What makes you most optimistic about the future?
Two things, really. First, I think we can make surgery safer. We’ve gotten pretty good at decreasing complication rates in surgery, but the one thing that was standing still, as far as mortality, were blood clots and pulmonary emboli. So, a couple of years ago we started a program of putting patients on low-dose blood thinners for a month after their surgery, and we haven't seen a blood clot since.
The other thing we've done is decrease significantly the admission rates to the hospital by changing our post-operative management. With both education, managing hydration at home, which nursing can do, and by seeing patients earlier post-op to intervene if there's any sort of difficulty. We have decreased admission rates, and the length of initial hospital stay has also come down significantly. Patients are going home faster. They're coming back less and having fewer problems. All of that has really been enhancing success.

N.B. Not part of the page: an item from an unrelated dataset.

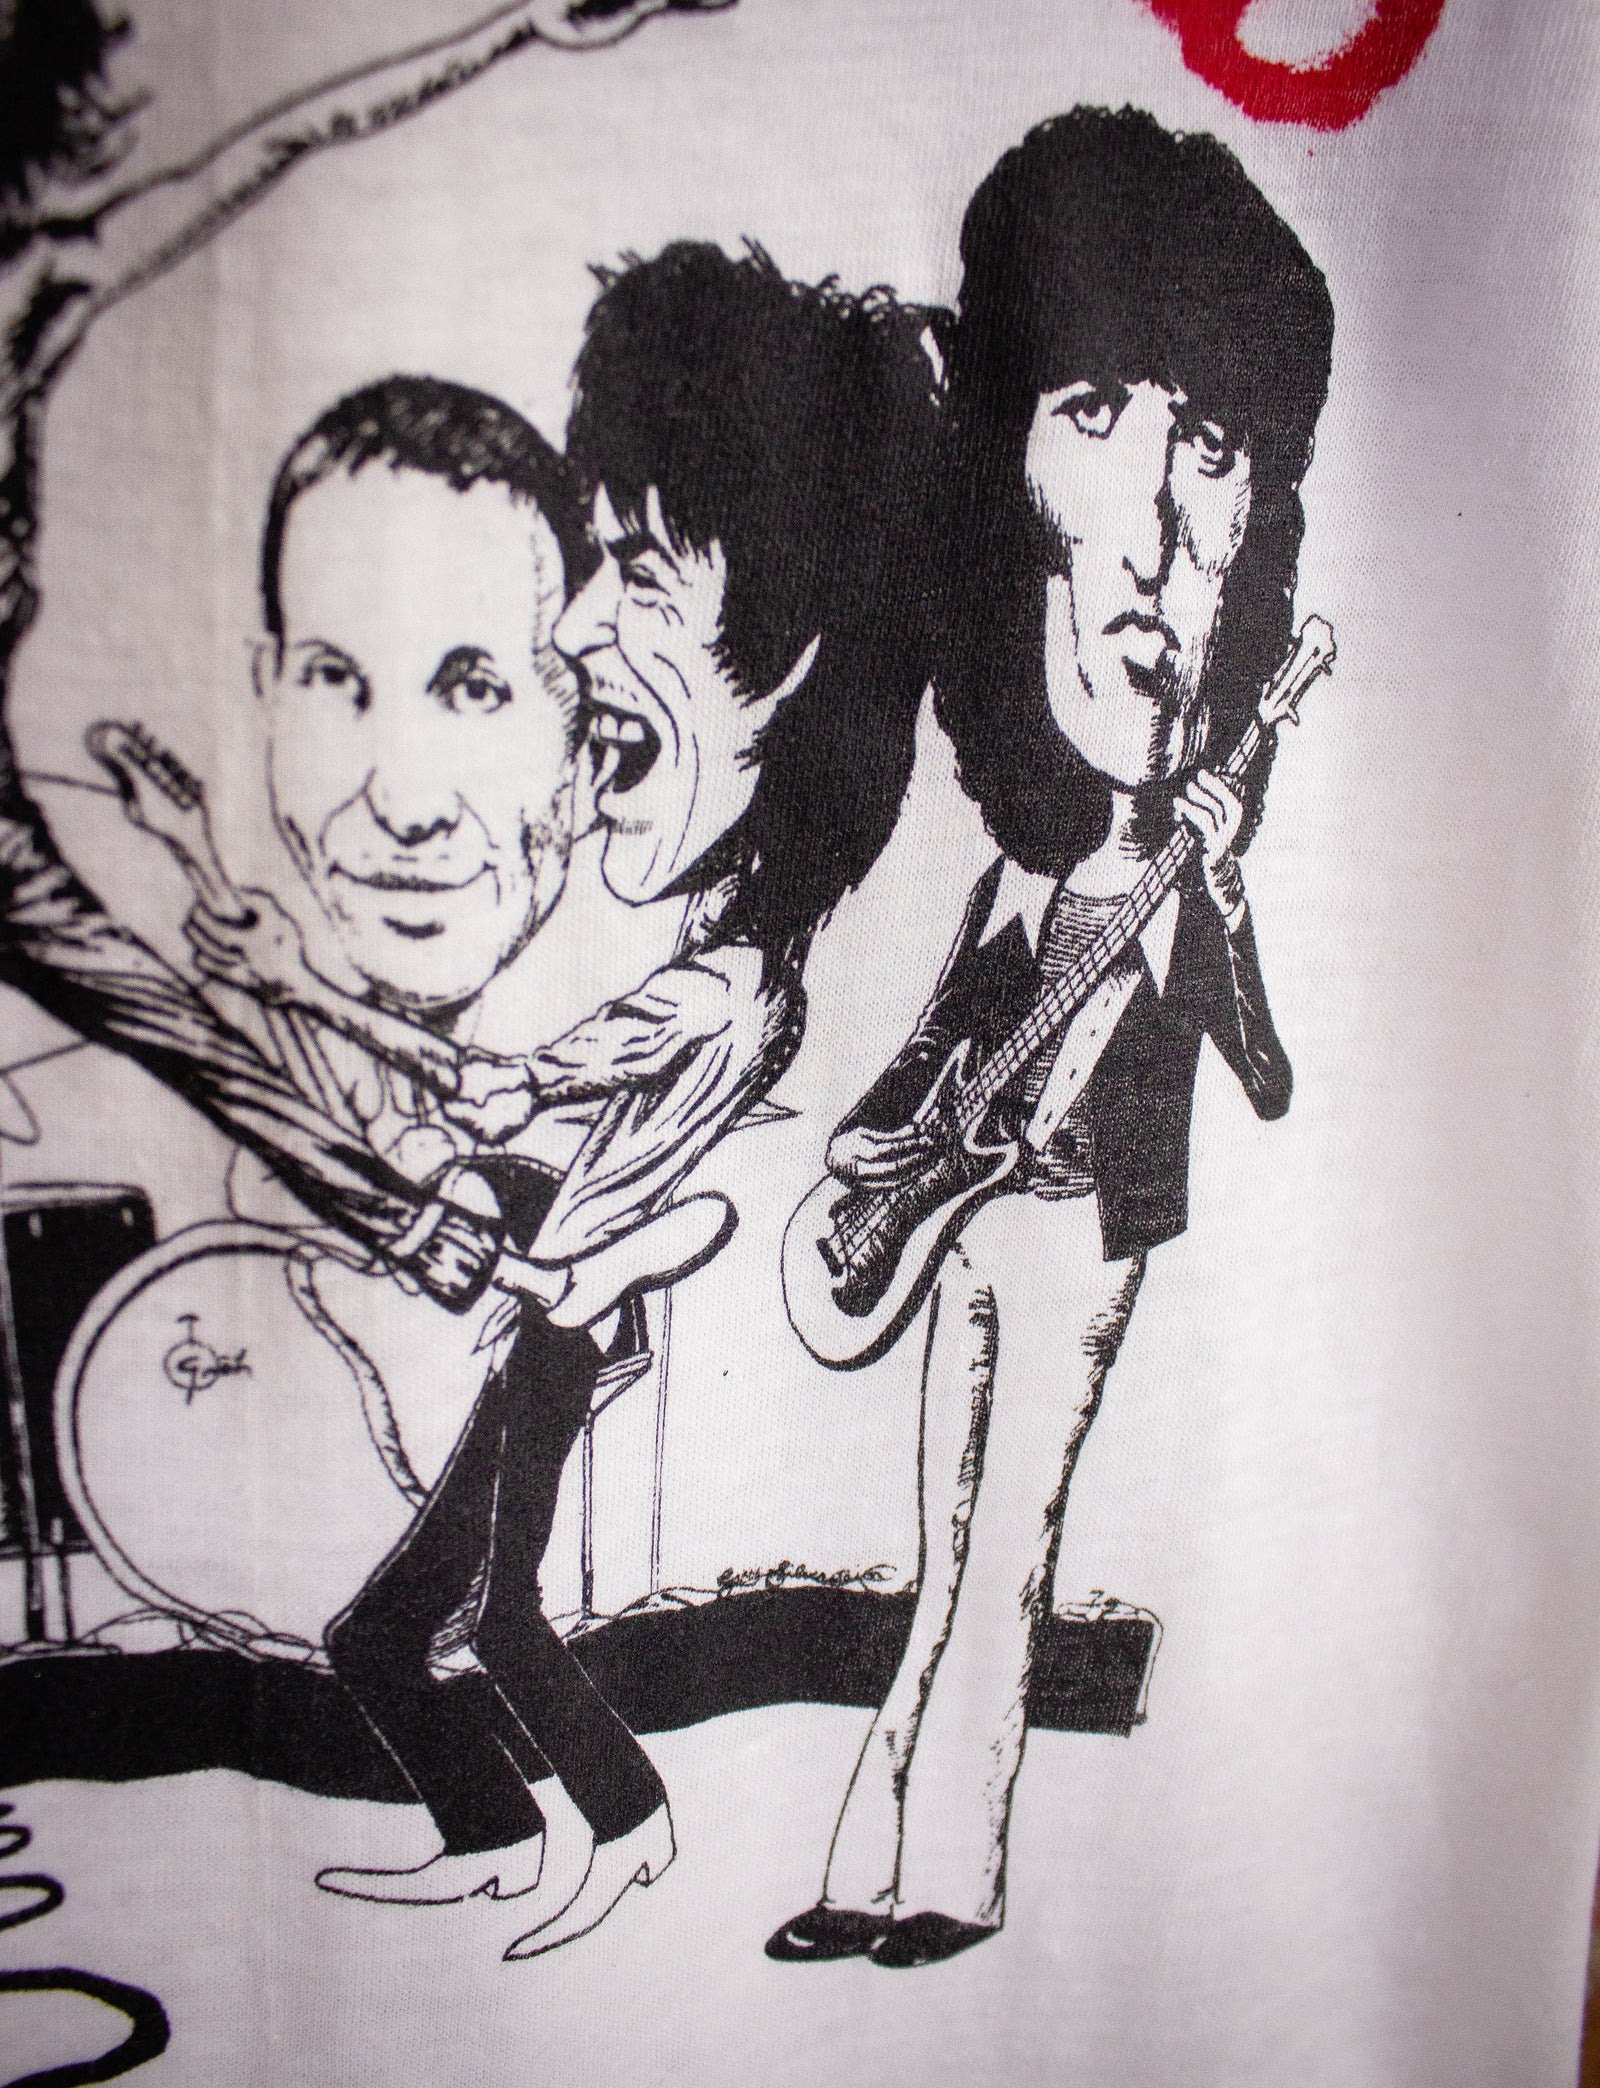 Vintage Rolling Stones Caricature Ringer Concert T Shirt 1978 White/Red Medium

Most patients come in and they leave the hospital in a day if they're having a sleeve. The readmission rate is significantly less than 5 percent. And the number of patients who need to stay a second day after a sleeve has gone down significantly, by at least a third.
Even some gastric bypass patients who we usually keep for two days are going home one day after surgery. And that's due to the use of some new drugs to decrease nausea after anesthesia and decrease the narcotic use by using all types of other non-narcotic medications. And I'd say about half of our patients take no narcotic after surgery.
That’s great. Let’s close this out by continuing to look forward. What are your goals for the next five years, 10 years?
We want to continue to improve the patient experience. I'd love to see a situation where we can actually do outpatient surgery and have the patient followed up at home by a nurse or nurse practitioner the day after or so to take care of whatever issues there might be, check labs if needed. You know, to make surgery even less of an impact on patients' lives. Less pain, less recovery time.
And I'm very excited about the possibility of endoscopic procedures. I’m developing a device for an endoscopic sleeve procedure that’s in the testing phase. And that would be totally endoscopic, no surgery at all, but with the success of a gastric bypass.
You know, that’s the goal—to do it without surgery. With fewer complications, without the scarring, with less recovery time. That's where endoscopic devices have the advantage. So, if we get something that can actually last endoscopically, it could revolutionize the whole field.
Surgery lasts, but it includes general anesthesia, you need recovery time, there are incisions and pain, and all that risk. Some of them are not reversible. Whereas if you had a device that you could put in or some sort of reversible technology you could do endoscopically, you wouldn't have scars, you wouldn't have as much pain, you wouldn't have as much recovery time. Maybe lower complication rates. And if we could achieve success, then that is a revolution. So, that's what we're working on!